Most of the dried skim milk produced at present is used in the manufacture of bread and ice cream. Considerable quantities of the lower grades of the product and some of the better grades are used in poultry and animal feeds.  Dried skim milk insures a ready source of milk solids of uniformly good quality, is economical in handling and storing, and is convenient to use. These advantages have been recognized by the industries mentioned and are also being recognized by farmers in may localities, who maintain a supply of the product for use in the feeds of their farm animals. Smaller units of trade, i.e., hotels, clubs, etc., also are aware of the many advantages of the product. This is especially true in the areas of low milk production.

Handling and Storing

With the increased manufacture and greater use of this product has come the need for more convenient methods of handling it, especially in smaller lots.

Dried skim milk should be maintained at a low moisture content throughout the period of its use in order to prevent spoilage. Because of its avidity for moisture, moisture proof containers are the only assurance against these changes. For the trades wherein large quantities are used the product is usually packed in specially constructed barrels. With greater general use of the product by the smaller manufacturers, and in the household where consumption is limited, a need has arisen for moisture proof cartons or packages which will facilitate the distribution of small quantities to the retail trade.
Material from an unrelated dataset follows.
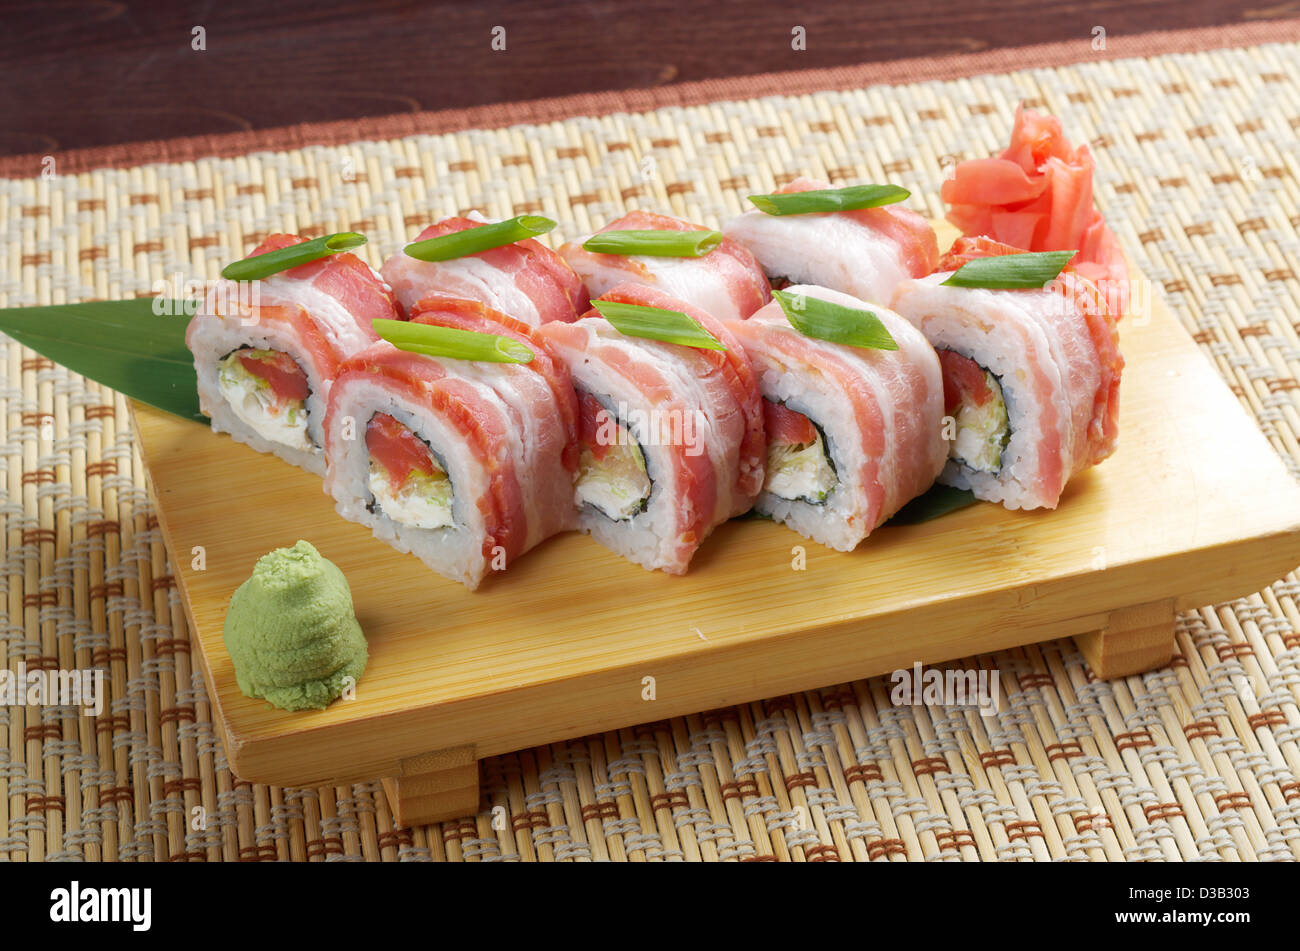 Japanese Cuisine - Sushi Roll with Bacon  Stock Photo
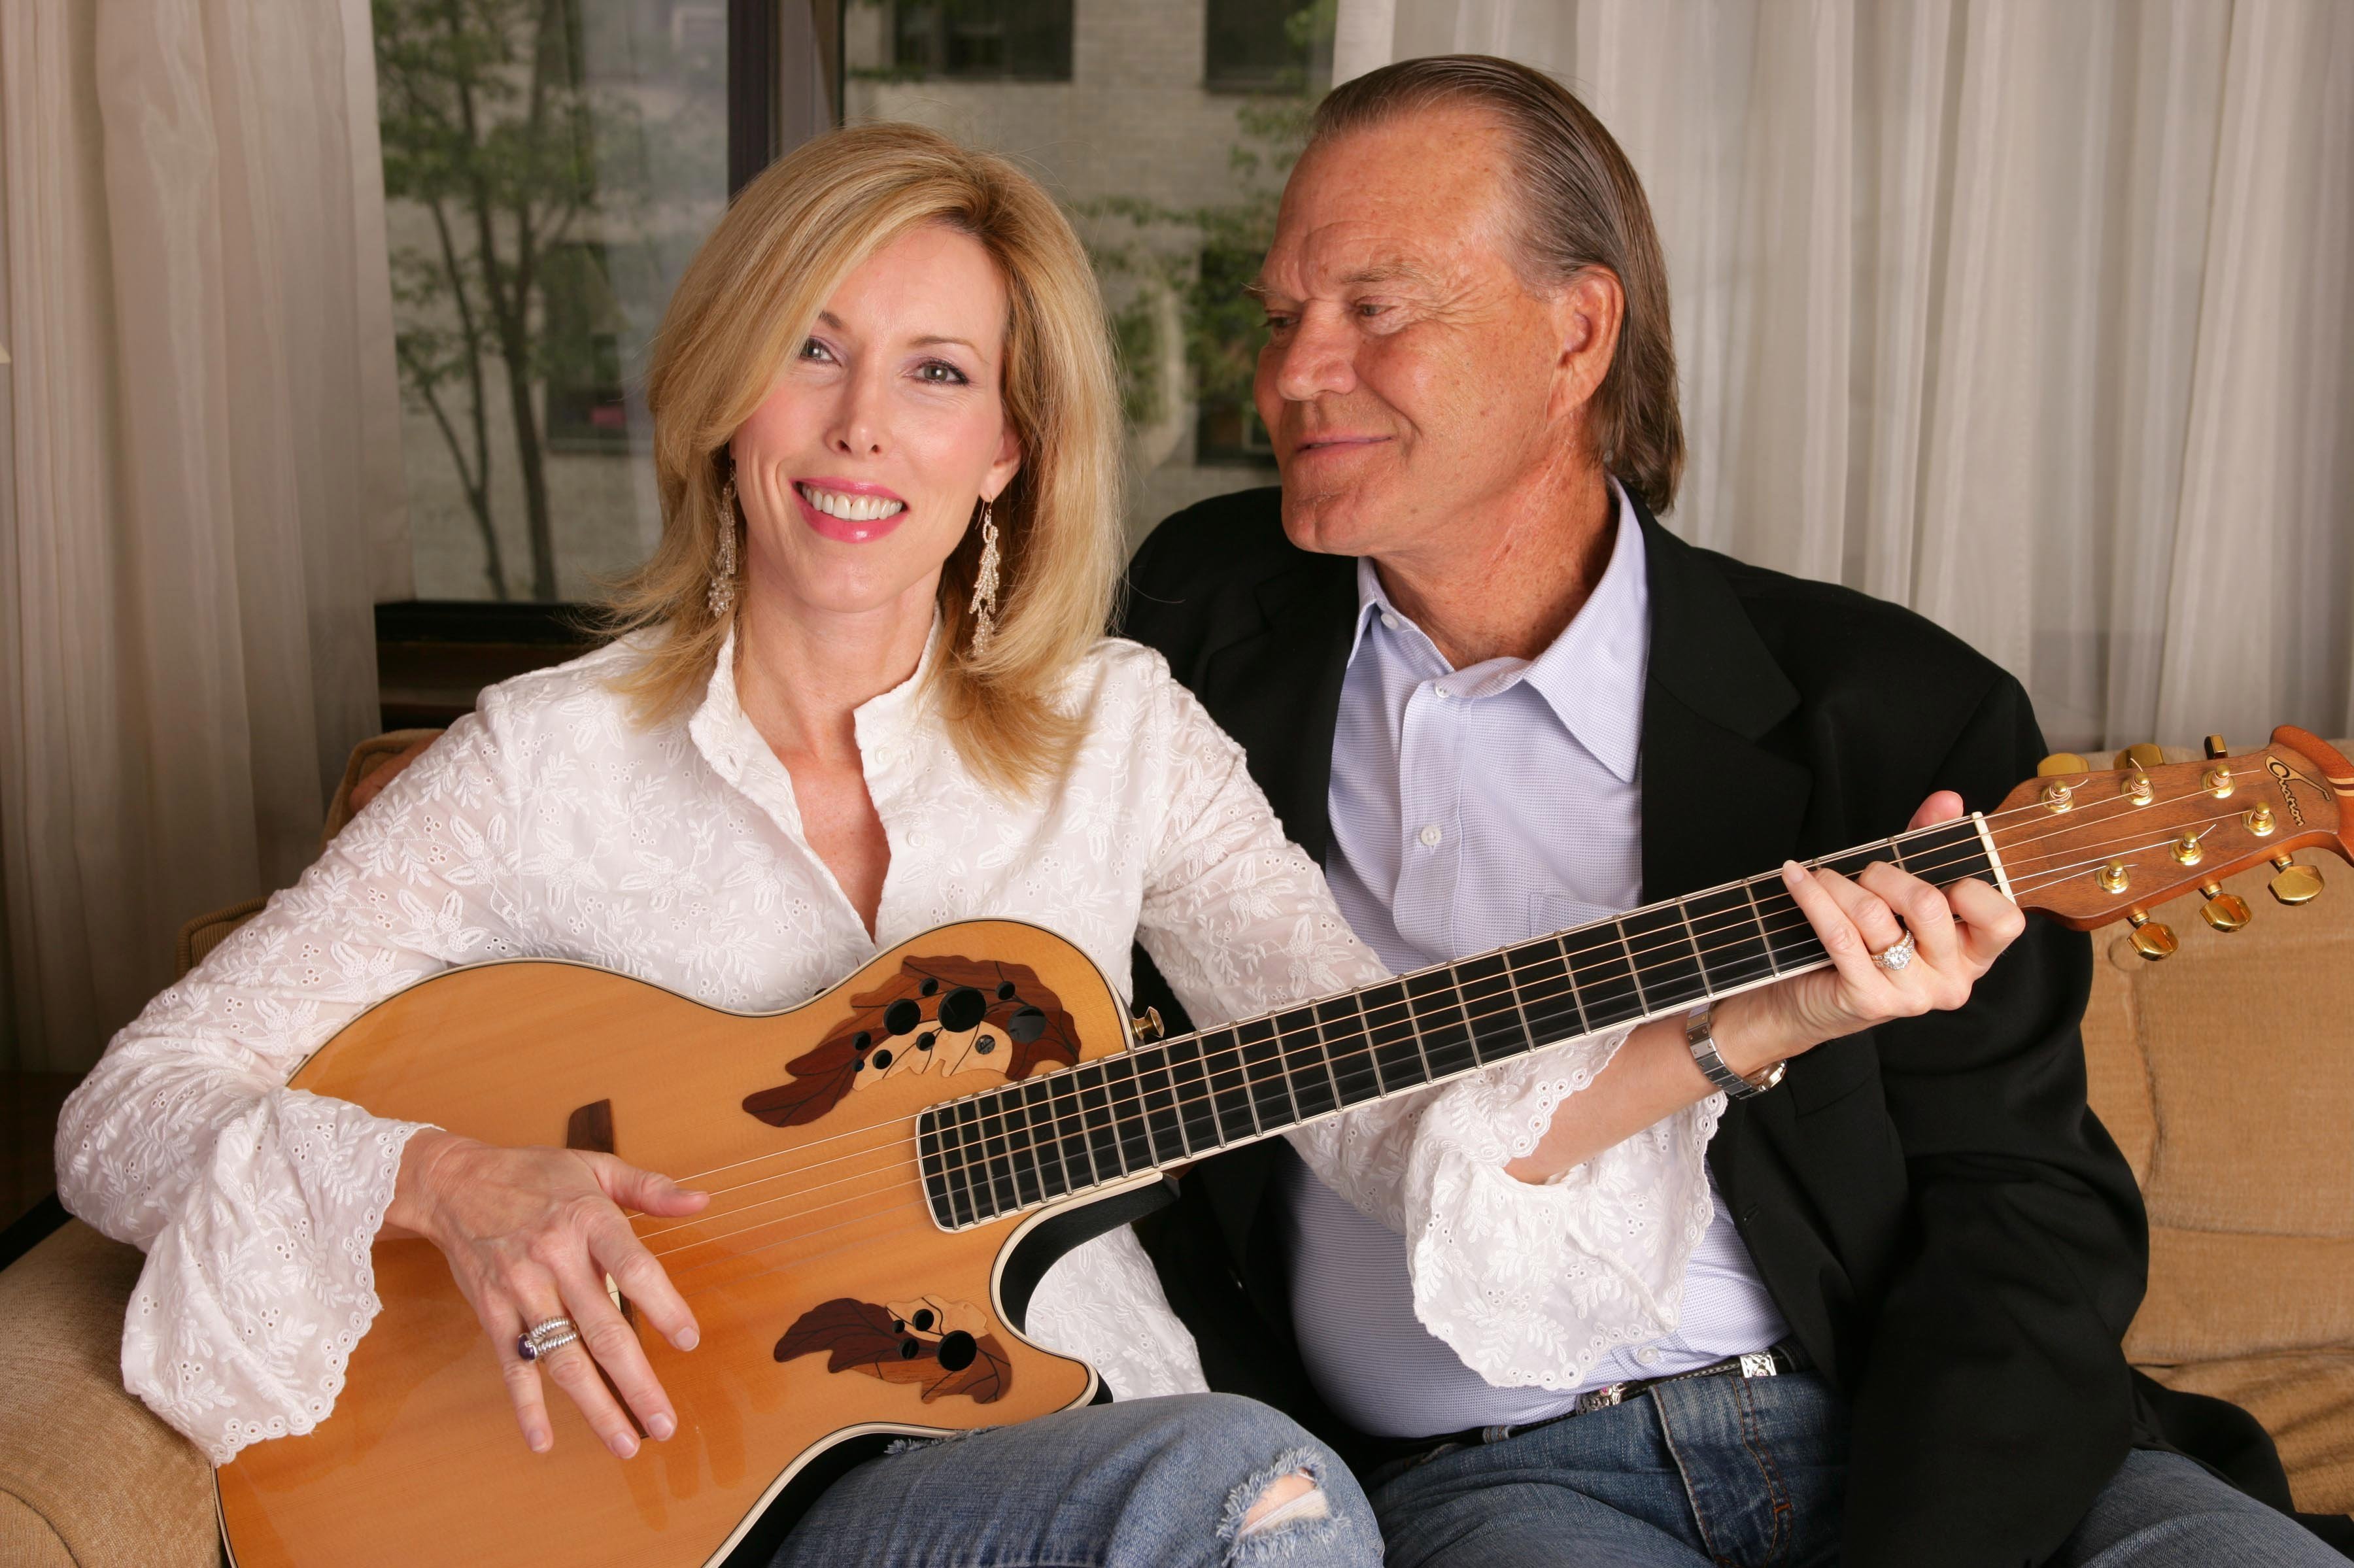 Kim Campbell with husband Glen Campbell during Glen Campbell portrait session at The Regency Hotel in New York, New York | Photo: Getty Images

The laboratories of the Bureau of Dairy Industry have found that bags of bond paper containing a laminated glassine inner liner, or well-constructed and waxed paper cartons, will exclude moisture over long periods even in a relatively humid atmosphere and can, therefore, be used in the retailing of this product in small lots. Further research work along this line will undoubtedly result in the disclosure or development of other types of containers that can be used for this purpose and should aid materially in the greater distribution and use of dried skim milk.

GEORGE E. HOLM, Bureau of Dairy Industry.